> [The problem] Below, locate the line that contains "I MASK hydrating". Repeat exactly from that line to the line that contains "Drucksache 7/1996 Deutscher", inclusive, leaving out the pictures.

> [Data records]

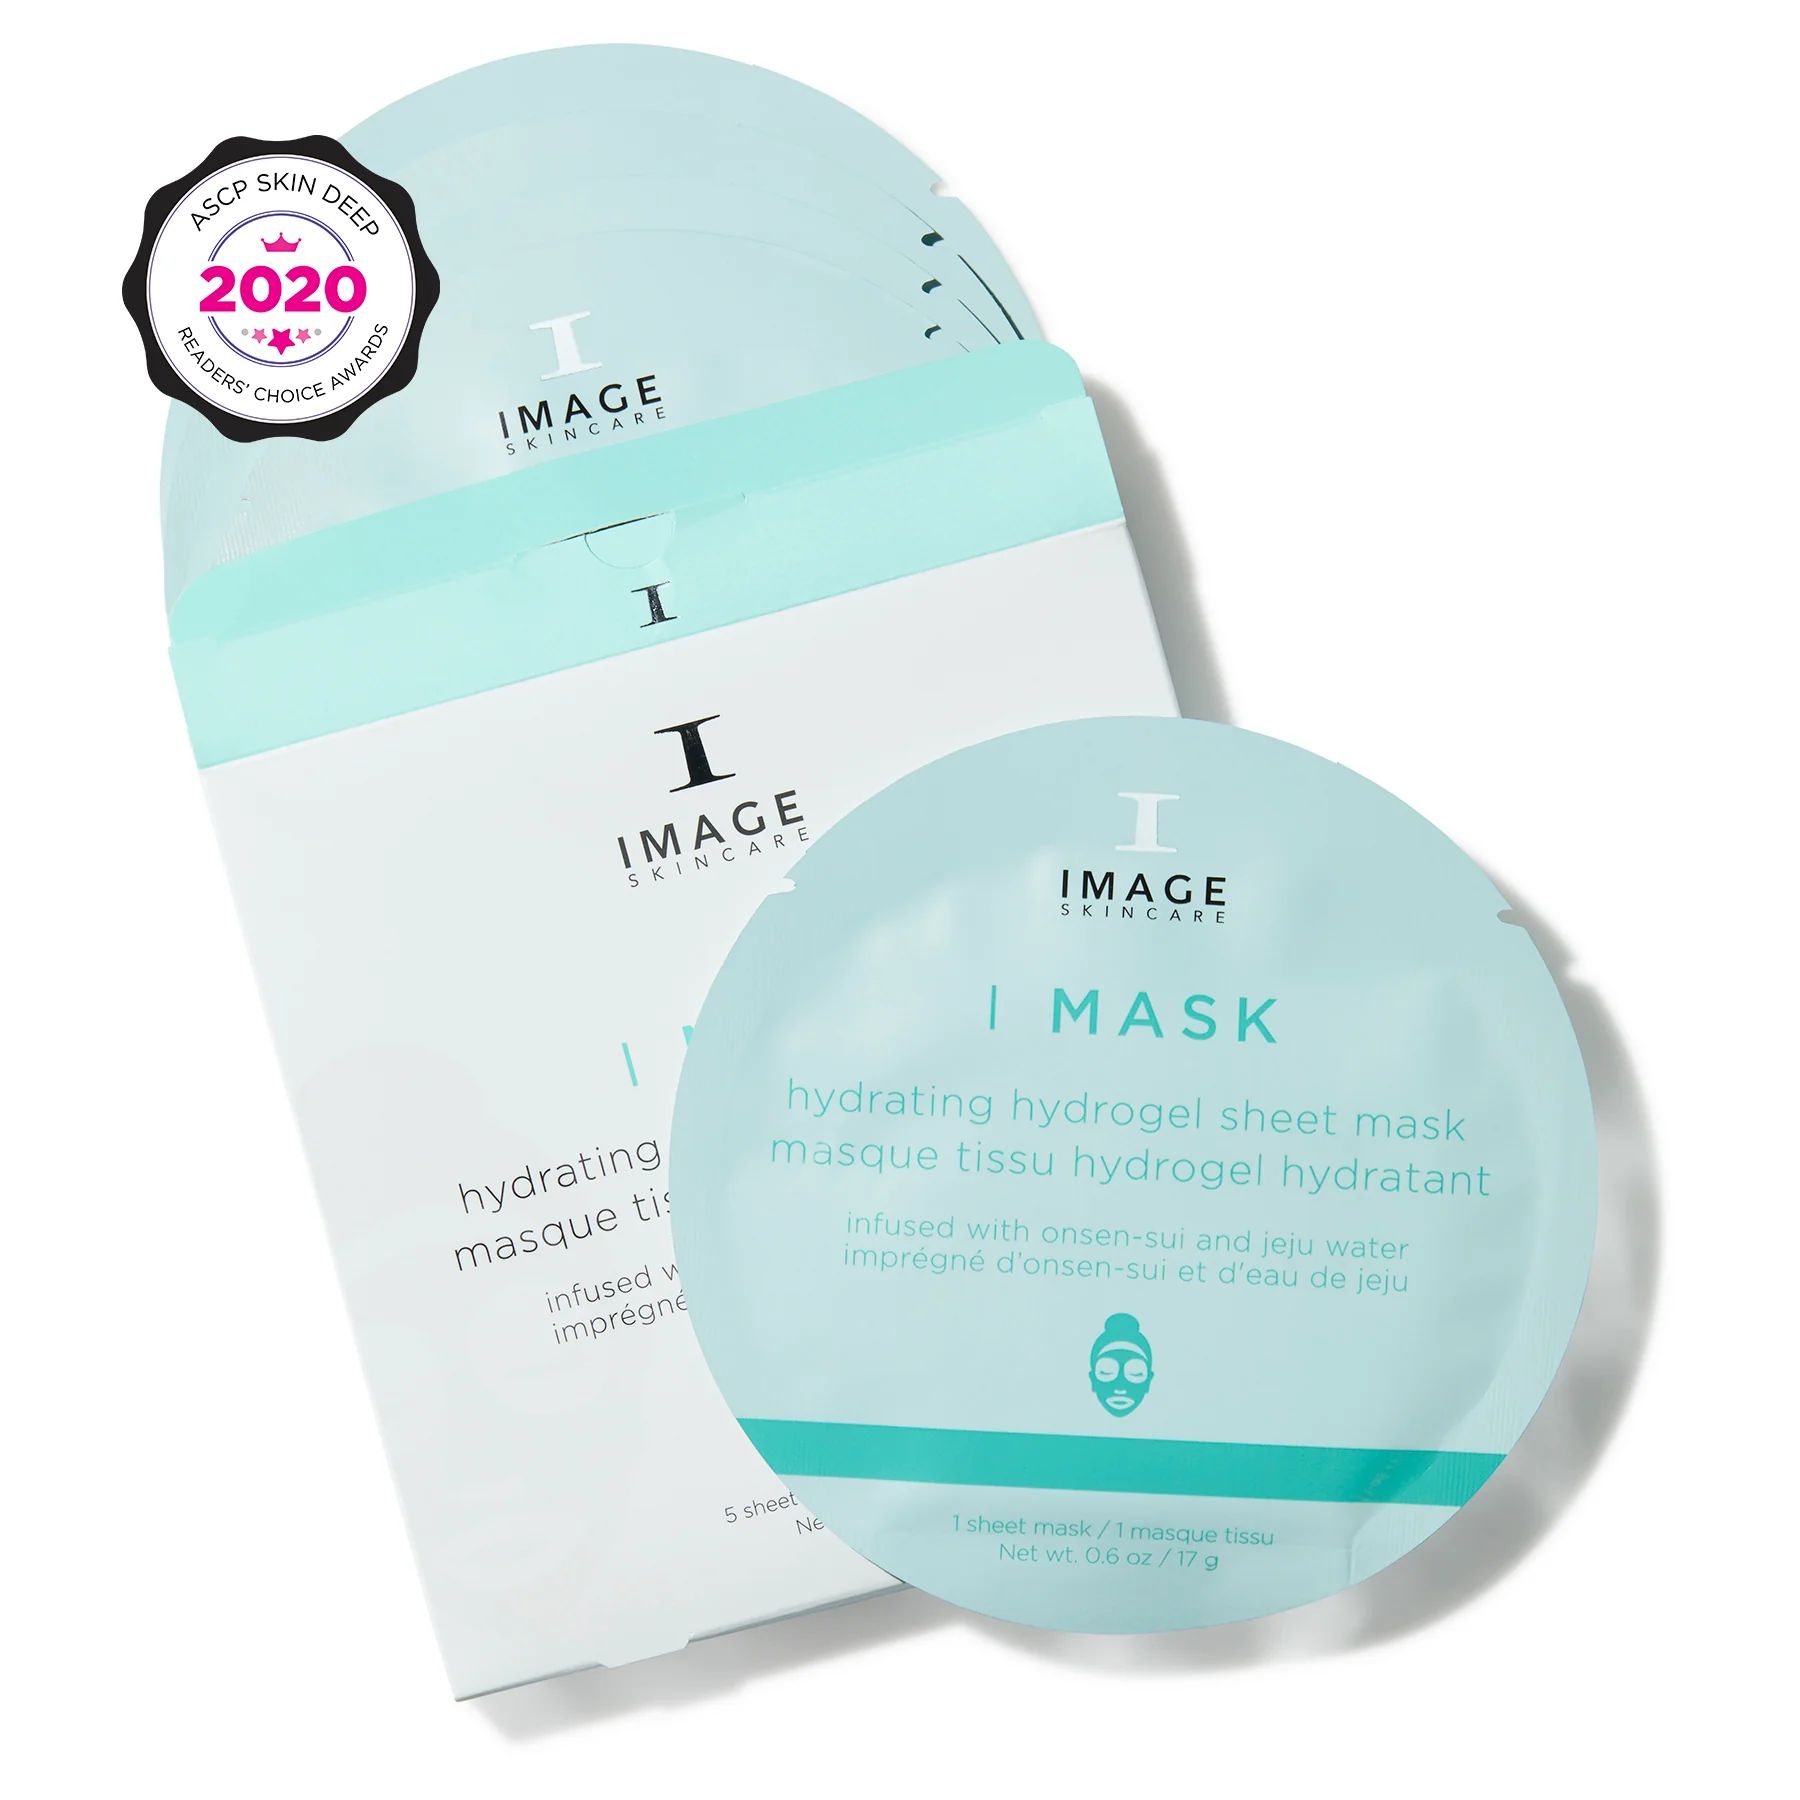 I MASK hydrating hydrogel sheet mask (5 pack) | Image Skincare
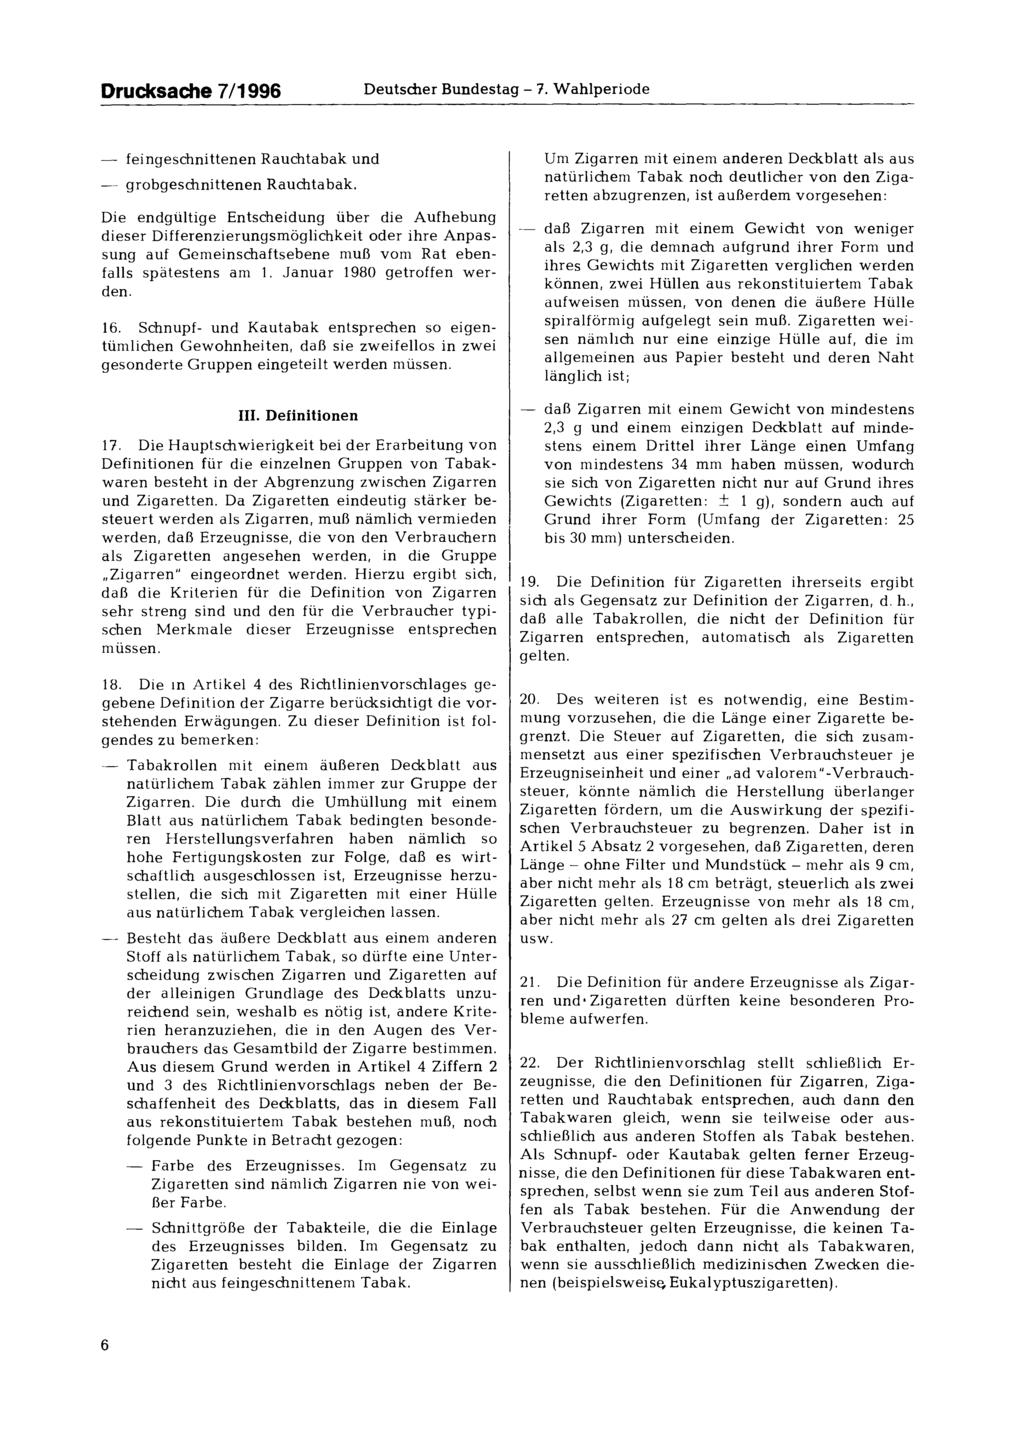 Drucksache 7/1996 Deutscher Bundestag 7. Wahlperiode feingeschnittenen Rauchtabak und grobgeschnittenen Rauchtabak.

---

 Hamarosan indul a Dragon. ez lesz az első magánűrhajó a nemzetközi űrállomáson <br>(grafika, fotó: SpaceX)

---

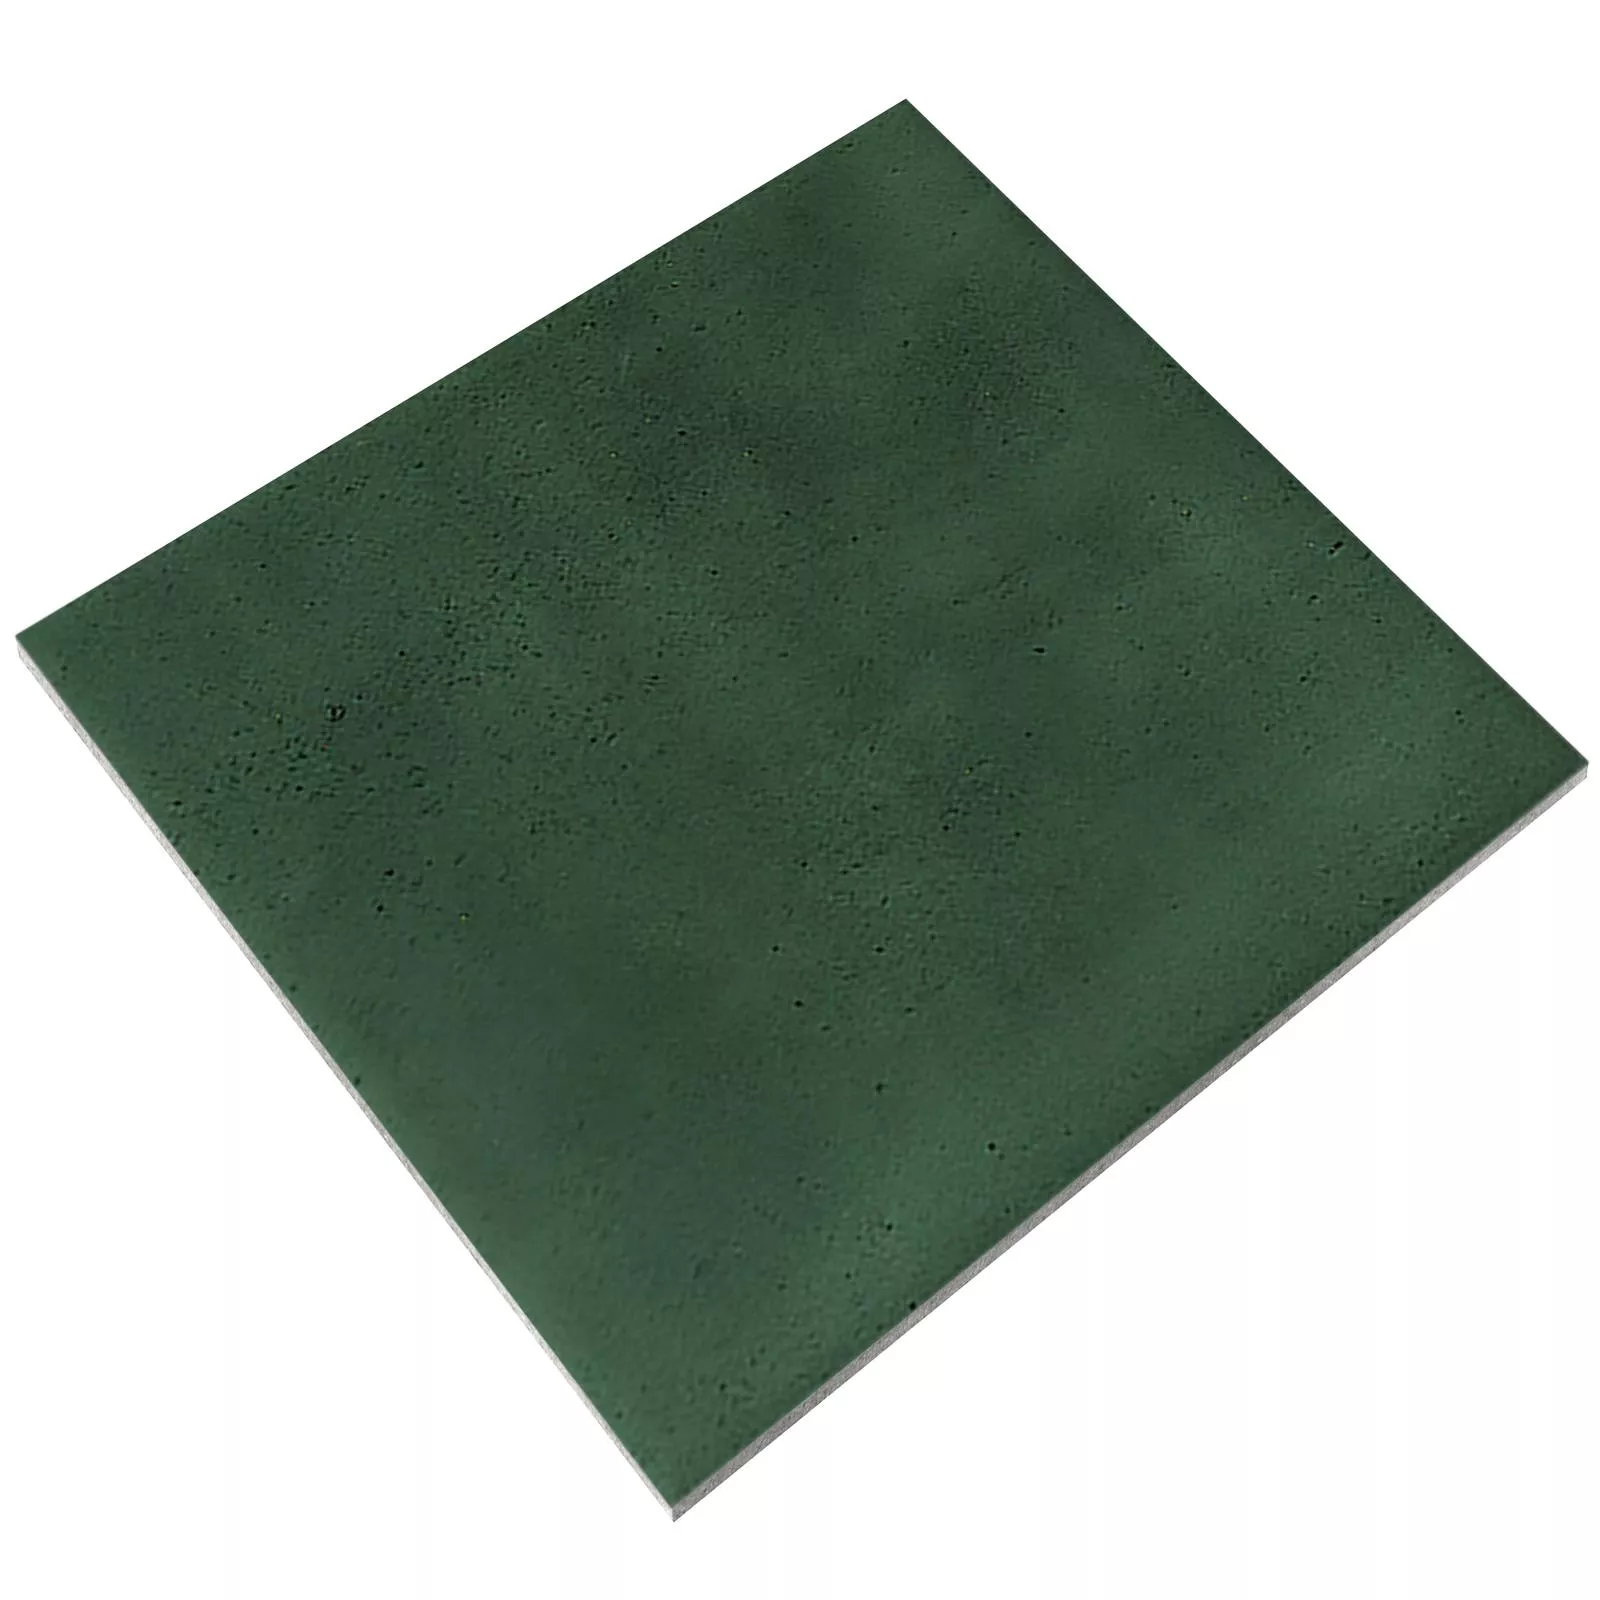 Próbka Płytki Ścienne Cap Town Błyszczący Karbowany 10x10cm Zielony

> [Response to this task]
 I MASK hydrating hydrogel sheet mask (5 pack) | Image Skincare
 Drucksache 7/1996 Deutscher Bundestag 7. Wahlperiode feingeschnittenen Rauchtabak und grobgeschnittenen Rauchtabak.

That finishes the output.